Mulowe, jlyle, woodys737 and S2k55m:
Out of over 500 viewers (and I will assume Colnago owners) there are 5 of us. Welcome to the 1%.
JLane


----------



## S2k552m (Apr 23, 2012)

Ugh, haven't had a chance to post the pics yet. Will do it in a day or two.
Just a preview ... 97 Colnago Tecnos (Mapei blue), Campy Record Ti 9 speed, Record Ti stem, ITM krystal stem ... wheels are Mavic open pro with Record hubs. I have been looking for a pair of mid-90s Campy Shamals but no luck so far.
It had an interesting history which I will get into with the pics hence the lower mileage than I would like to have put on the bike.


----------



## Bocephus Jones II (Oct 7, 2004)

JLane said:


> Hello All,
> 
> Colnago owners have a reputation of throwing (large amounts of) $ at a bicycle and then hanging it in the garage. Let's dispel that.
> 
> ...


I have a 2000 Colnago Master X. No idea how many miles, but for sure over 10k. Still my main ride and going strong.


----------



## FrenchNago (Jan 1, 2011)

2 years on colnago c40 and c50 .....6000 kms on the first and sold that for the c50 and approx the same on that one.....12000 kms on both thats short in miles better in K's


----------



## HandyAndy (Feb 2, 2004)

I have well over 20000 miles on my 2003 C40HP. Winters, summers, crit racing, stage racing, sportives it done it all. Best bike ever.

Its in pieces at the moment getting a bit of a long overdue refurb.


----------



## S2k552m (Apr 23, 2012)

2 pics of the Tecnos.
Only 30k miles since it was out of use in 1998-99 getting repaired and I put double the mileage on my C-dale while I raced in 2000-2006. I always kept the Colnago for dry sunny non-race days.
Still an absolutely wonderful ride, and I love the classic look. When it can't be ridden anymore I will seek out another steel Colnago (Master x-light but who knows in 20 yrs).


----------



## c50jim (Jan 15, 2009)

This was my first Colnago. A C40 I bought in 1995. I was wondering if a carbon Colnago would last, saw a picture on Velonews of Ballerini winning Paris-Roubaix on one and figured it should last me at least a couple of years. I rode it for 11 seasons but sold it because I was tired of the paint and thought I could live with just a Mapei Tecnos. I figure I put over 30,000 km on it since it was my fair weather bike. Dumb me. Three months after selling it I bought a C50.
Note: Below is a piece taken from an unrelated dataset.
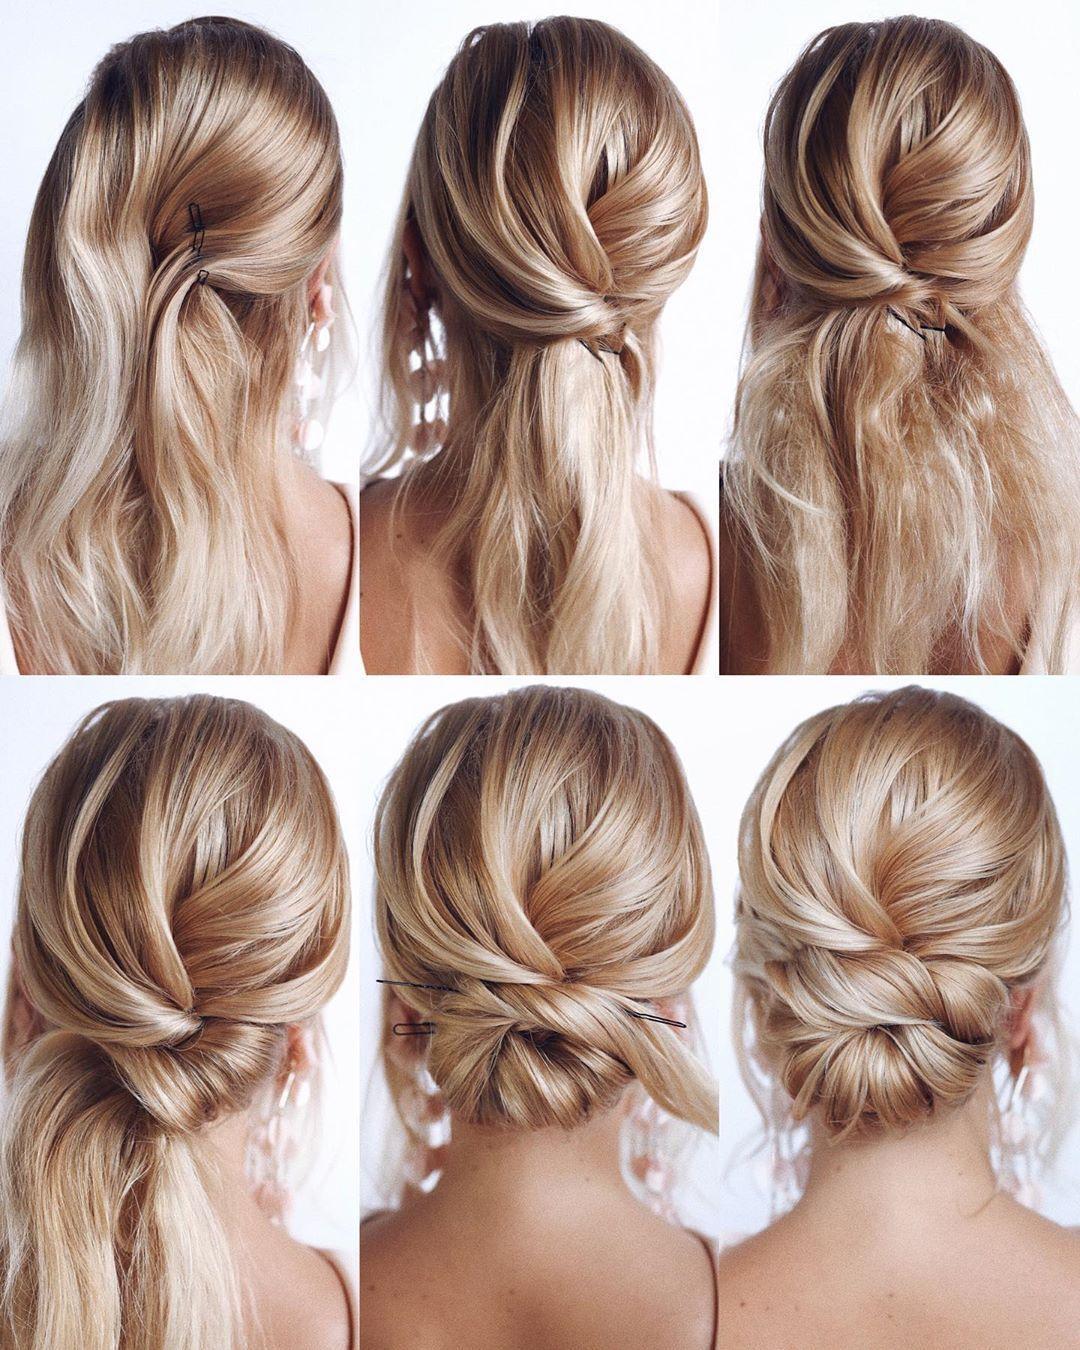 Diy Wedding Guest Hair: Pin On Medium Length Hairstyles

After a big crash in 2010, I was riding my different bikes and found the only one that was comfortable was my C40 (I'd sold the C50, given the Tecnos to my son). So, I offered a two year old Parlee Z1 in trade for that old C40. He just wouldn't trade. After 17 years, it still has the original bottom bracket and one original bottle cage but everything else was replaced. The bike started with 8 speed Chorus with Precisa fork and has had Record (10 now) and Flash for a long time.

None of my current Colnagos has nearly that many miles. The collection now is 3 C40s (one Mapei, one HP, one just plain normal), C50 (NOS frame waiting for parts), EP (NOS waiting for parts), 50th anniversary, Mapei Dream, EPS. Oh and my winter bike's a Master. At 15,000 km/year, it will take a while before any of them hit 10,000 miles. When you've crashed at 58 km/hr (that's what my Garmin says), spent three weeks in hospital in Italy and 10 months off the bike, you become really aware of what bike feels good at speed. I just feel OK going down bumpy hills at 70km+ on all my Colnagos in a way that I didn't on Parlees (2 Z1s and a Z4) or the Pinarello I crashed (although the latter was probably in my head). My Pegoretti is OK too but I still rate the C40 as my all time favourite.


----------



## SpitFir3 (May 14, 2012)

jlyle said:


> 2010 CLX 2.0
> 
> 10,000 miles plus a tad. This is my backup bicycle, I also have a Cannondale SuperSix with many, many more miles. I try to swap bikes every 2K miles and put on a new chain. This one has been from Maine to Florida.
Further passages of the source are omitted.